Lefaix J L, Daburon F

机构信息

Commissariat à l'Energie Atomique, Département de Radiobiologie et de Radiopathologie, CEA-Saclay, Gif sur Yvette, France.

出版信息

Health Phys. 1998 Oct;75(4):375-84. doi: 10.1097/00004032-199810000-00003.

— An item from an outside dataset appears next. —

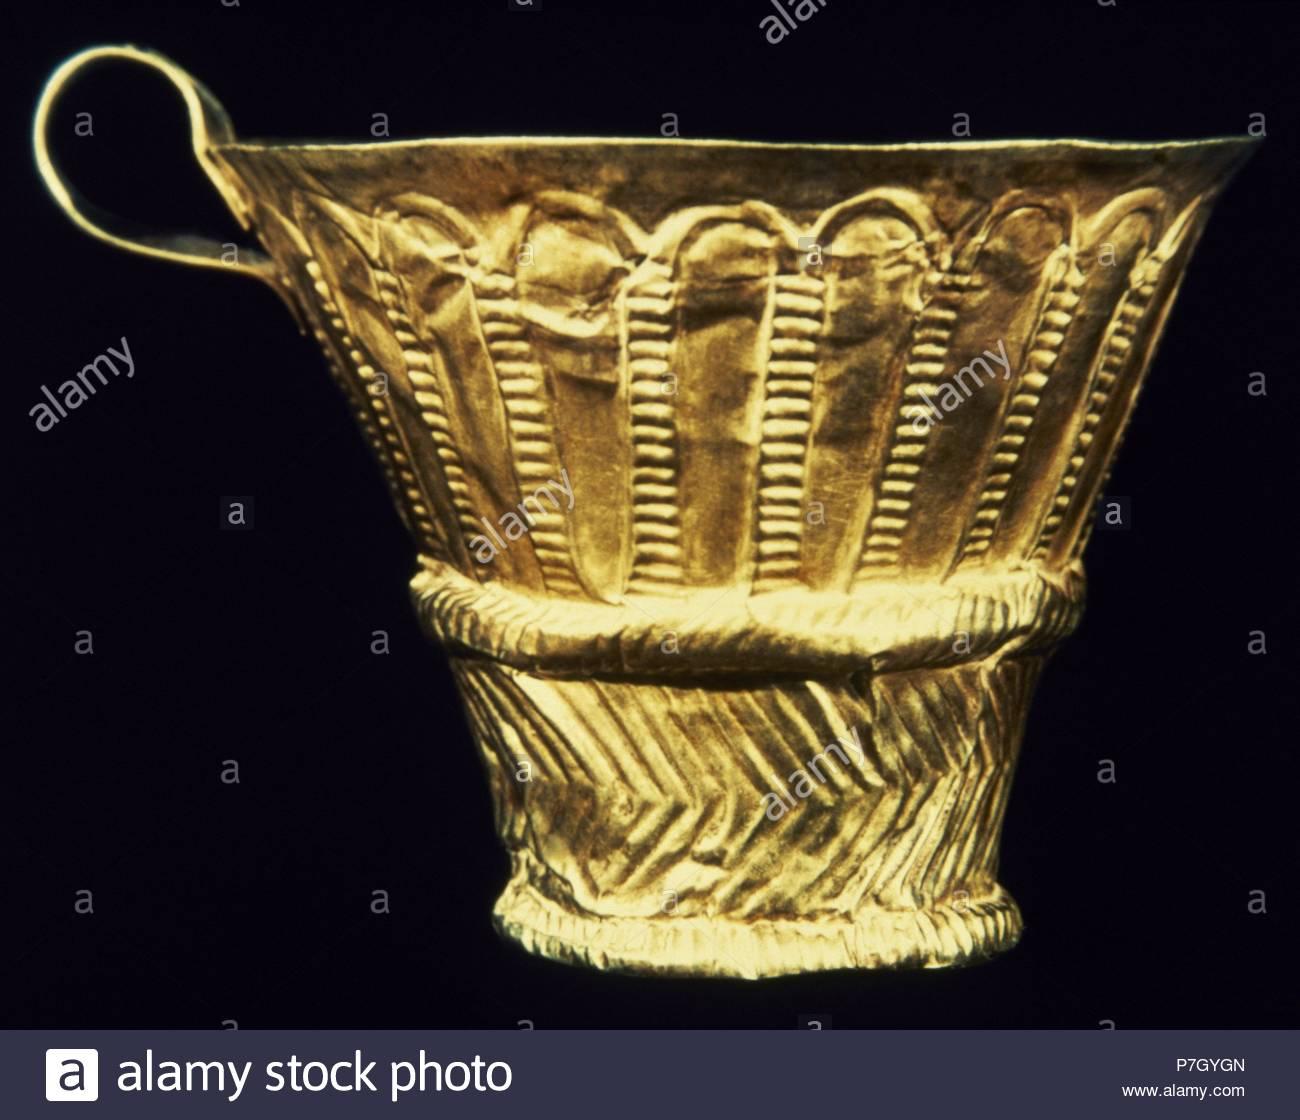 copa oro stock photos & copa oro stock images - alamy

DOI:10.1097/00004032-199810000-00003
PMID:9753360
Abstract

In the last 50 years several radiation accidents occurred in which industrial radiographers and others suffered severe radiation injuries from inadvertent contact with radiation sources. Such accidents involving acute localized injuries are characterized by a severe initial reaction progressing through erythema to skin necrosis with a spontaneous resolution of the lesion over a 2-mo period for the lower doses. However, the early symptoms observed on the skin give no indication as to the in-depth pathology, and cutaneous and muscular radionecrosis started generally from early epithelial, microvascular, and vascular lesions and from delayed muscular and connective tissue lesions. In a case of acute localized irradiation, different biophysical techniques are able to give real responses in biological dosimetry. More numerous are the methods, especially imaging methods, that make it possible for the clinician to evaluate the extent of the early injuries and to manage the medical intervention. We have developed animal experimental models of acute localized irradiation: overexposure to the gamma rays of a 192Ir industrial radiographic collimated source (in the pig and the rabbit) and overexposure to the beta rays of a 90Sr-90Y collimated source (in the pig). In these experimental models, most of the imaging techniques used in clinical practice, as infra-red thermography, microwave thermography, cutaneous and tissular vascular scintigraphy (beta or gamma emitters), cutaneous blood flow measurements by cutaneous laser Doppler, x ray computed tomography, nuclear magnetic resonance imaging, and skin topography, were correlated with clinical evaluation and histopathological observations, after high doses of gamma or beta irradiations ranging from 4 to 340 Gy at the skin surface. All these techniques are not for isolated use and the present review indicates that their combination is necessary to give an improved diagnostic and prognostic picture of early and late delayed radiation damage to the skin and subcutaneous tissues.

摘要

在过去50年里发生了几起辐射事故,其中工业放射技师和其他人因意外接触辐射源而遭受严重辐射伤害。这类涉及急性局部损伤的事故的特点是,最初反应严重,从红斑发展到皮肤坏死,低剂量情况下损伤在2个月内自然消退。然而,皮肤上观察到的早期症状并不能表明其深层病理情况,皮肤和肌肉放射性坏死通常始于早期上皮、微血管和血管病变以及延迟出现的肌肉和结缔组织病变。在急性局部照射的情况下,不同的生物物理技术能够在生物剂量测定中给出实际反应。有更多的方法,尤其是成像方法,使临床医生能够评估早期损伤的程度并进行医疗干预。我们已经建立了急性局部照射的动物实验模型:猪和兔子过度暴露于192Ir工业射线照相准直源的伽马射线,猪过度暴露于90Sr-90Y准直源的贝塔射线。在这些实验模型中,临床实践中使用的大多数成像技术,如红外热成像、微波热成像、皮肤和组织血管闪烁成像(贝塔或伽马发射体)、皮肤激光多普勒测量皮肤血流、x射线计算机断层扫描、核磁共振成像和皮肤地形图,在皮肤表面接受4至340 Gy的高剂量伽马或贝塔照射后,都与临床评估和组织病理学观察相关。所有这些技术都不能单独使用,本综述表明,它们的组合对于更好地诊断和预测皮肤及皮下组织早期和晚期延迟辐射损伤的情况是必要的。